Abrió la chaqueta con la que ella se envolvía los hombros y buscó algo en el bolsillo interior. Sobre la palma de su mano abierta, había un pequeño estuche de joyería.
Brooke se llevó la mano a la boca. Estaba a punto de preguntarle a Julian qué había dentro, pero antes de que pudiera decir una palabra, él se arrodilló delante del banco de piedra, con la otra mano apoyada sobre su rodilla.
– Brooke, ¿querrás hacerme el hombre más feliz del mundo y casarte otra vez conmigo?
Julian abrió el estuche. Dentro no había un costoso anillo nuevo de compromiso con un diamante enorme, ni un par de pendientes de brillantes, como ella sospechaba. Inserta entre dos pliegues de terciopelo, estaba la sencilla alianza de bodas de Brooke, la que aquella estilista le había arrancado del dedo la noche de los Grammy, el mismo anillo de oro que había llevado puesto día tras día, durante seis años, y que empezaba a pensar que ya no volvería a ver.
– Lo llevé colgado de una cadena desde que me lo devolvieron -dijo él.
– No fue mi intención dejármelo -se apresuró a decir ella-. Se perdió en la confusión. Te juro que no fue una especie de símbolo…
Él le acercó la cara y la besó.
– ¿Me harás el honor de ponértelo otra vez?
Brooke le echó los brazos al cuello, llorando una vez más, y asintió. Intentó decir que sí, pero no consiguió articular ni una sola palabra. Julian se echó a reír y le devolvió con fuerza el abrazo.
– Mira -dijo, sacando el anillo del estuche.
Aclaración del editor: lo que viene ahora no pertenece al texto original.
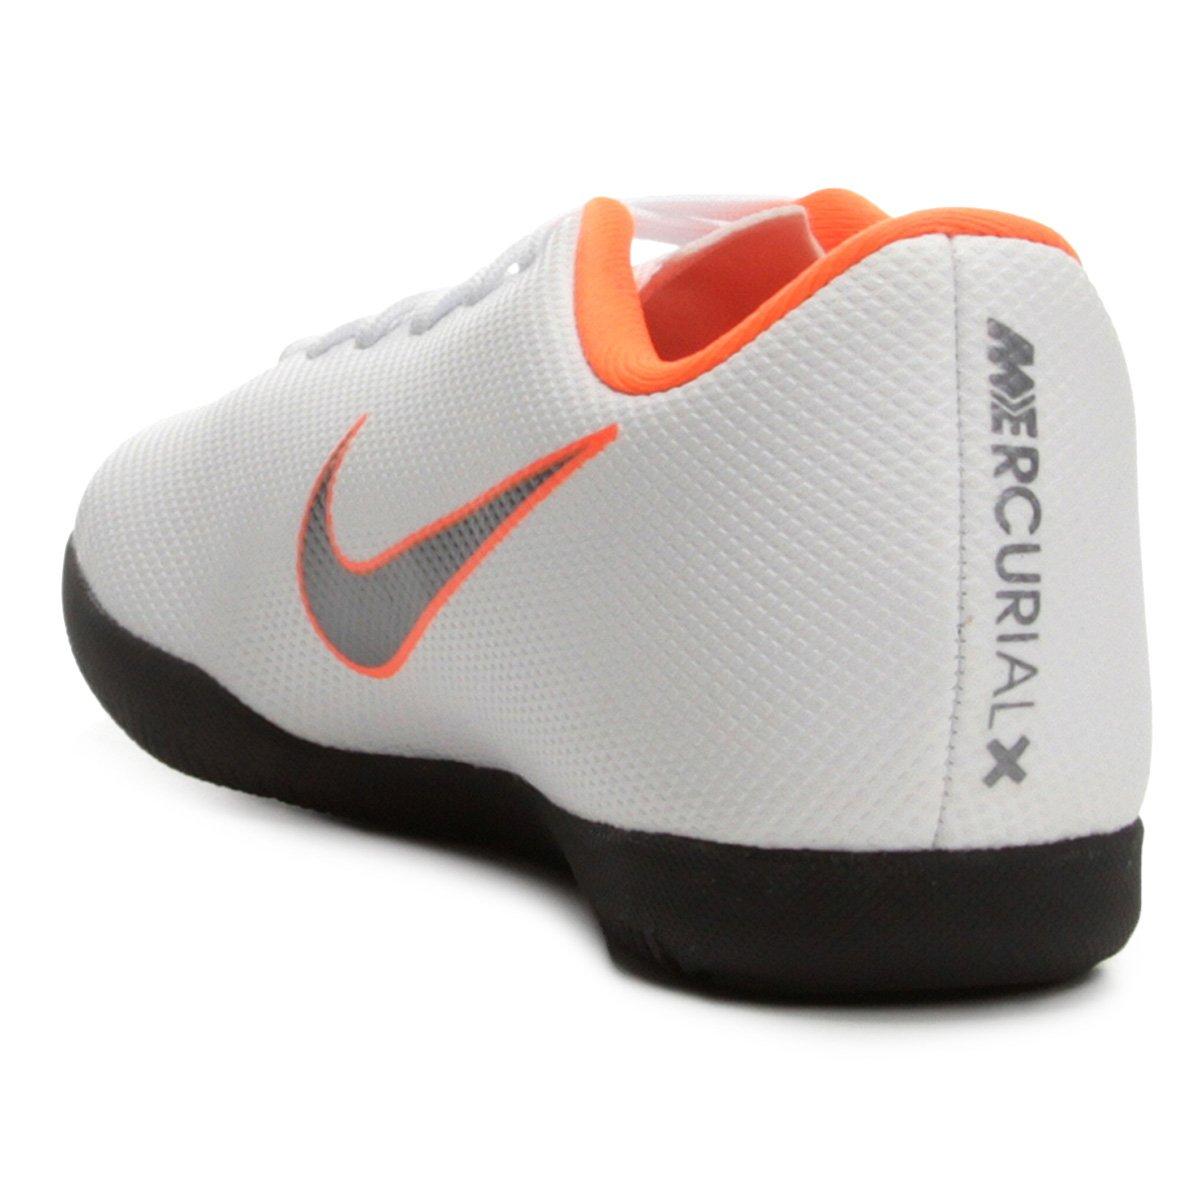 8af00a2412 Chuteira Futsal Infantil Nike Mercurial Vapor 12 Club - Branco e ...

Le señaló la cara interna, donde había mandado grabar, al lado de la fecha de su boda, la fecha de ese día.
– De este modo -le explicó-, no olvidaremos nunca que nos hemos hecho la promesa de empezar de nuevo.
Le cogió la mano izquierda y le puso la alianza de matrimonio, y sólo entonces Brooke se dio cuenta de lo desnuda que había sentido la mano hasta ese momento.